Едва ступив в поэтическую мастерскую Бодлера, мы тотчас же отметим, что в стихах его среди живейшего воодушевления, в сердцевине глубочайшего страдания возникает чувство великого спокойствия, доходящее порой до холодности или даже леденящего равнодушия: это и будоражащий источник очарования и неопровержимое свидетельство, что поэт владеет собой и не намерен это скрывать. (Рецепт: не в том ли состоит поэзия, чтобы никогда не быть простодушным, но иногда им казаться?) Чтобы убедиться в этом, откройте наугад «Цветы зла», быть может, вам попадутся «Старушки», самое проникновенное, самое трогательное стихотворение сборника. Рано радуетесь, страстотерпцы! Быть может, вы отметили, что в этом произведении живость интонации не препятствует полнозвучности рифм? И, несмотря на замысловатую структуру стиха, эти строки волнуют вас до глубины души, не так ли? Странно-пронзительный образ маленьких старушек, семенящих по грязи, впечатлил вас, заставил вздрогнуть, и безупречность строя, и чистота выражений не были тому преградой, не правда ли? И с первых же строф, столь искусно движимых несчастьем, вы испытываете невыразимую тоску, растущую с каждой новой строкой?

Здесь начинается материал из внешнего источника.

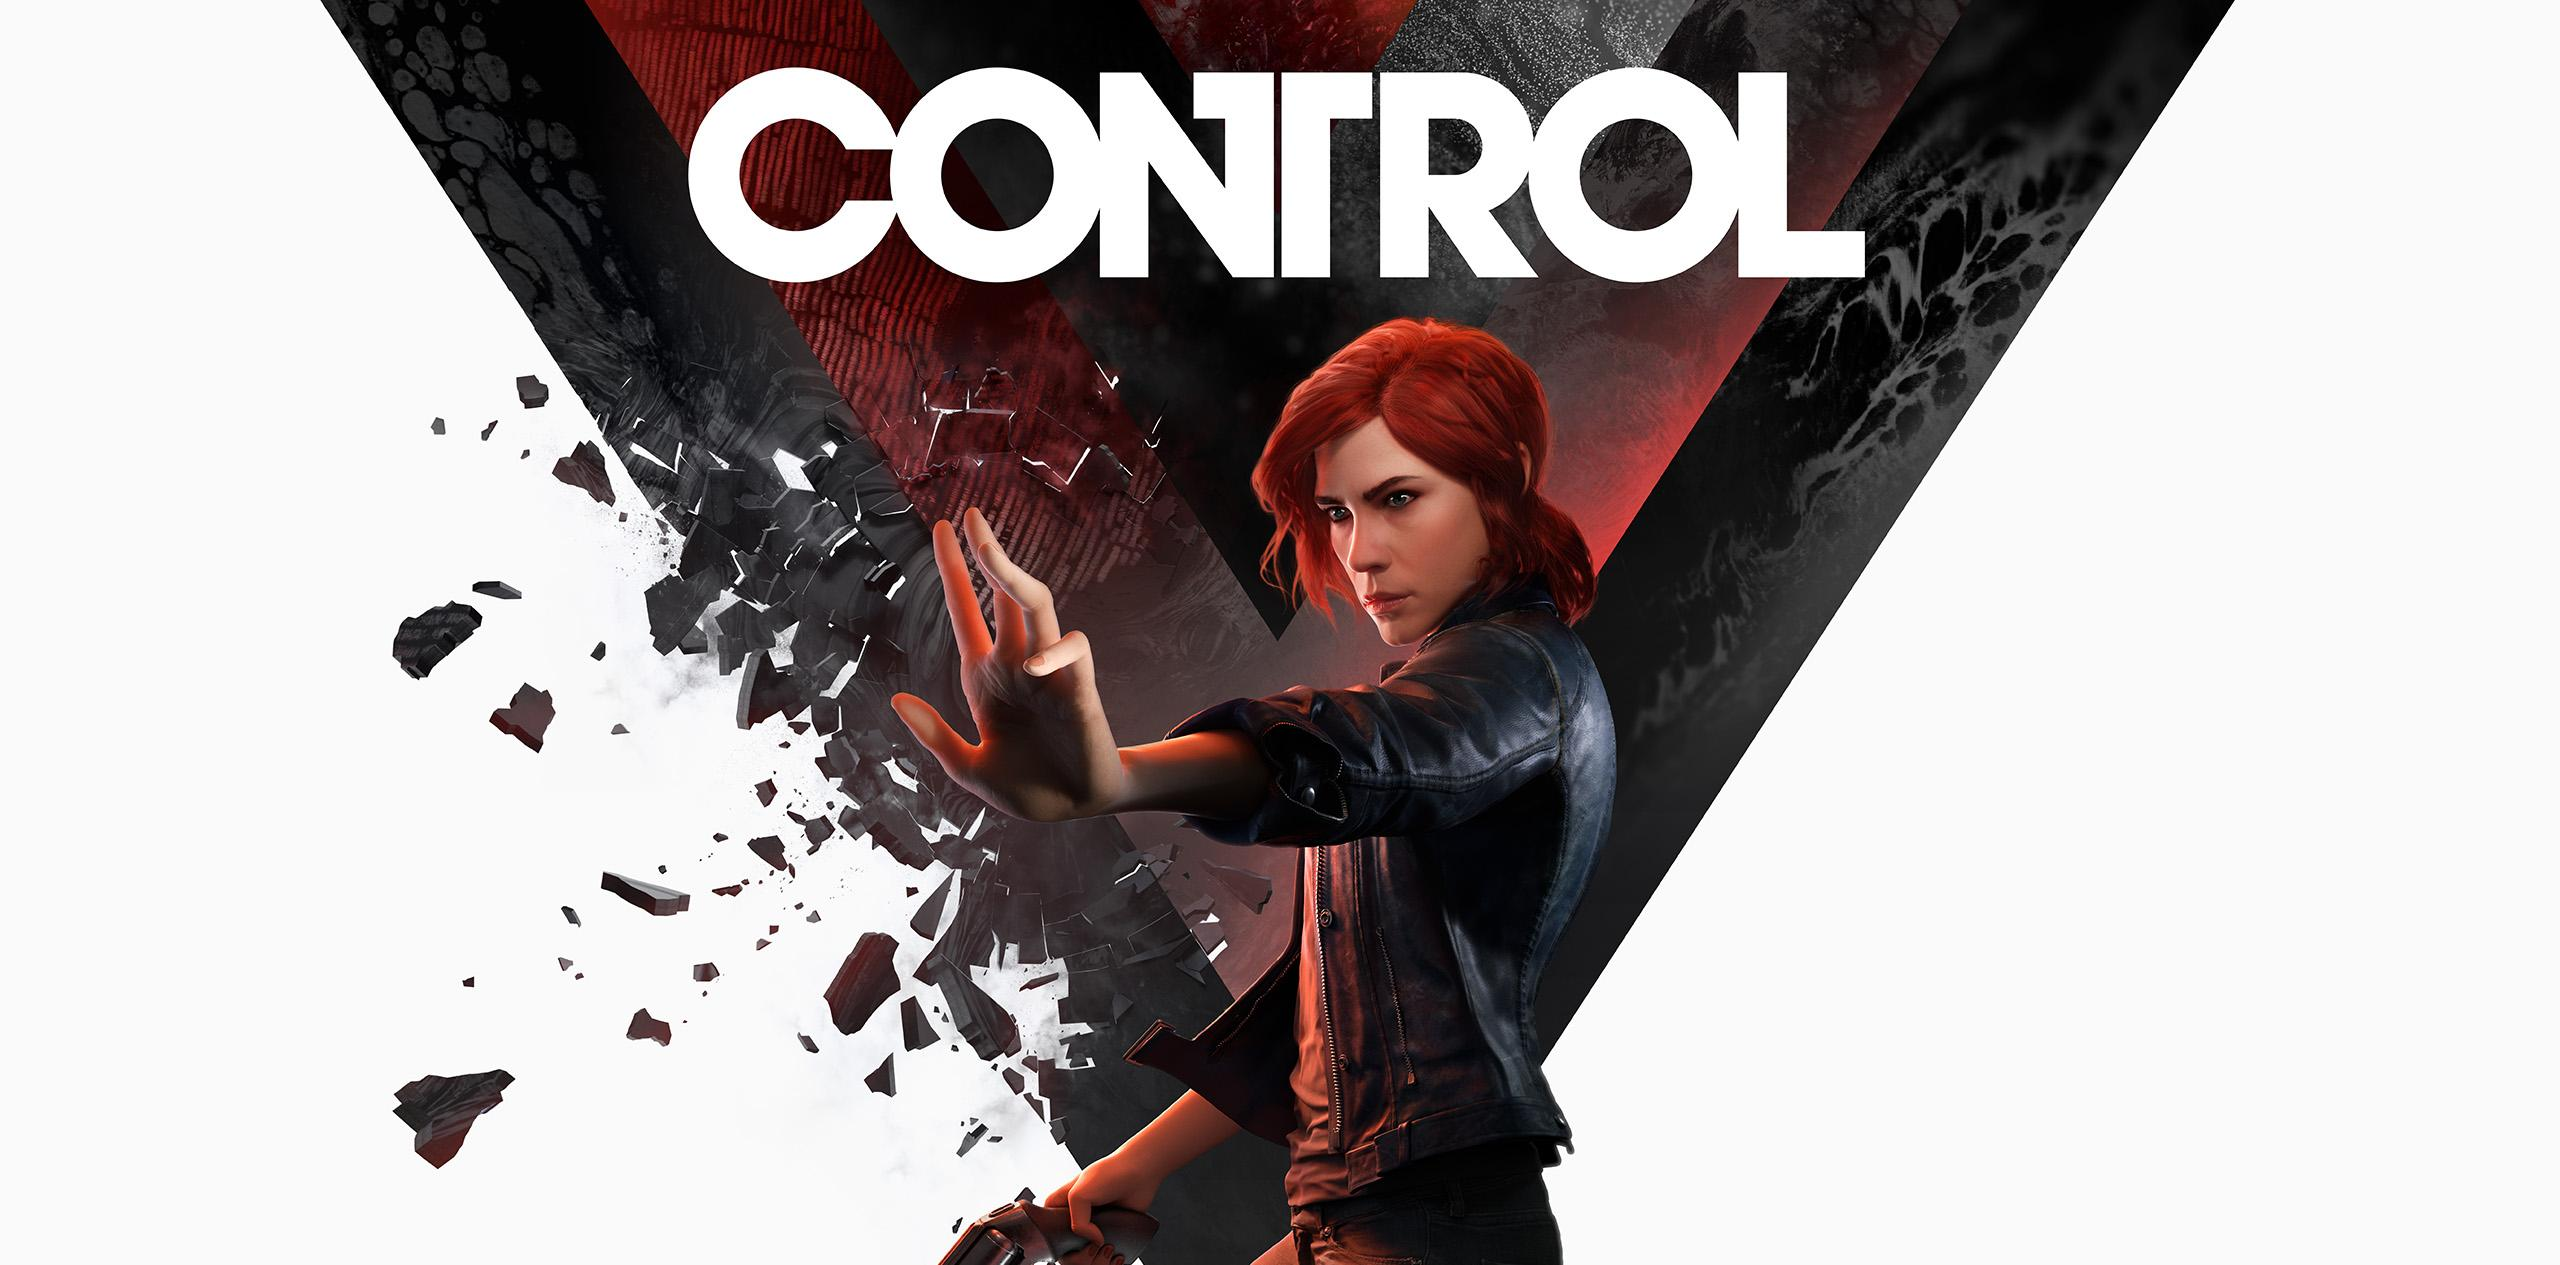 《Control》3DM评测8.6分:超能力与射爆无缝衔接 Remedy风味十足

Калеки жалкие с горбатою спиной, Ужель, чудовища, вы женщинами были, Звались Лаисами? Так что ж — под наготой Живую душу вы и ныне сохранили… Меж омнибусами, средь шума, темноты Ползете вы, к груди, как мощи, прижимая Сумы, где ребусы нашиты и цветы; И ветер вас знобит, лохмотья продувая. Как марьонеток ряд, трусите вы рысцой; То зверем раненым вприпрыжку прочь бежите, То сразу, нехотя танцуя, задрожите, Как колокольчики под Дьявола рукой. У вас глаза — бурав; сквозь мрак ночной, ненастный, Как лужи с сонною водой, они блестят; То — как глаза детей, божественно прекрасны, Где каждый легкий блеск чарует нежный взгляд [21] .

Признайтесь, что из всего этого вы заключите, что поэт и сам растроган и что эти поразительные стихи подсказаны, внушены (не будем бояться этого слова — «вдохновлены»!) испытанным переживанием.

Но продолжите чтение:

Не кажется ли вам, — гроба старушек часто Бывают не длинней, чем гробики детей? Смерть любознательна, умела и глазаста, Мила причуда ей, по нраву странность ей. Когда бы в городе старушек я ни встретил, Мне кажется порой, — то призраки бредут, И шаг их наугад, и взгляд незрячий светел, Но колыбель себе их тени обретут [22] . И, на глазок сравнив размеры душ бесплотных, Я не догадывался произвесть расчет: Как сделает гроба мастеровитый плотник, Каким он способом зарубки насечет.

Что скажете об этом небольшом отрывке? Мне он кажется особенно пленительным. Я безумно люблю нашего поэта за то, что он внезапно прерывает одновременно умилительное и умильное описание, чтобы обратиться к ошеломленному читателю с вопросом: «Не кажется ли вам и т. д.» — исключительный пример бесцеремонности и хладнокровия, который вызвал бы восторг у Эдгара По и мог бы снискать одобрение великого Гёте. А строфа «И, на глазок сравнив размеры душ бесплотных…» и т. д. не кажется ли вам столь ироничной, столь резкой, столь жестокой — и столь возвышенной, в конце концов?

Здесь я слышу возгласы страстотерпцев, вечно чем-то раздосадованных: «Будь проклят тот дерзкий поэт, что портит нам все удовольствие, высмеивает слезы, которые сам исторгнул, растаптывает переживания, вызванные его собственными стихами!» И вот они уже совершенно разъярены. (Второй рецепт: вывести из себя страстотерпцев, или, откровенно говоря, простофиль, — не в этом ли один из моментов искусства?) Что же вдохновенные? Я даже не осмеливаюсь представить, что они думают по этому поводу.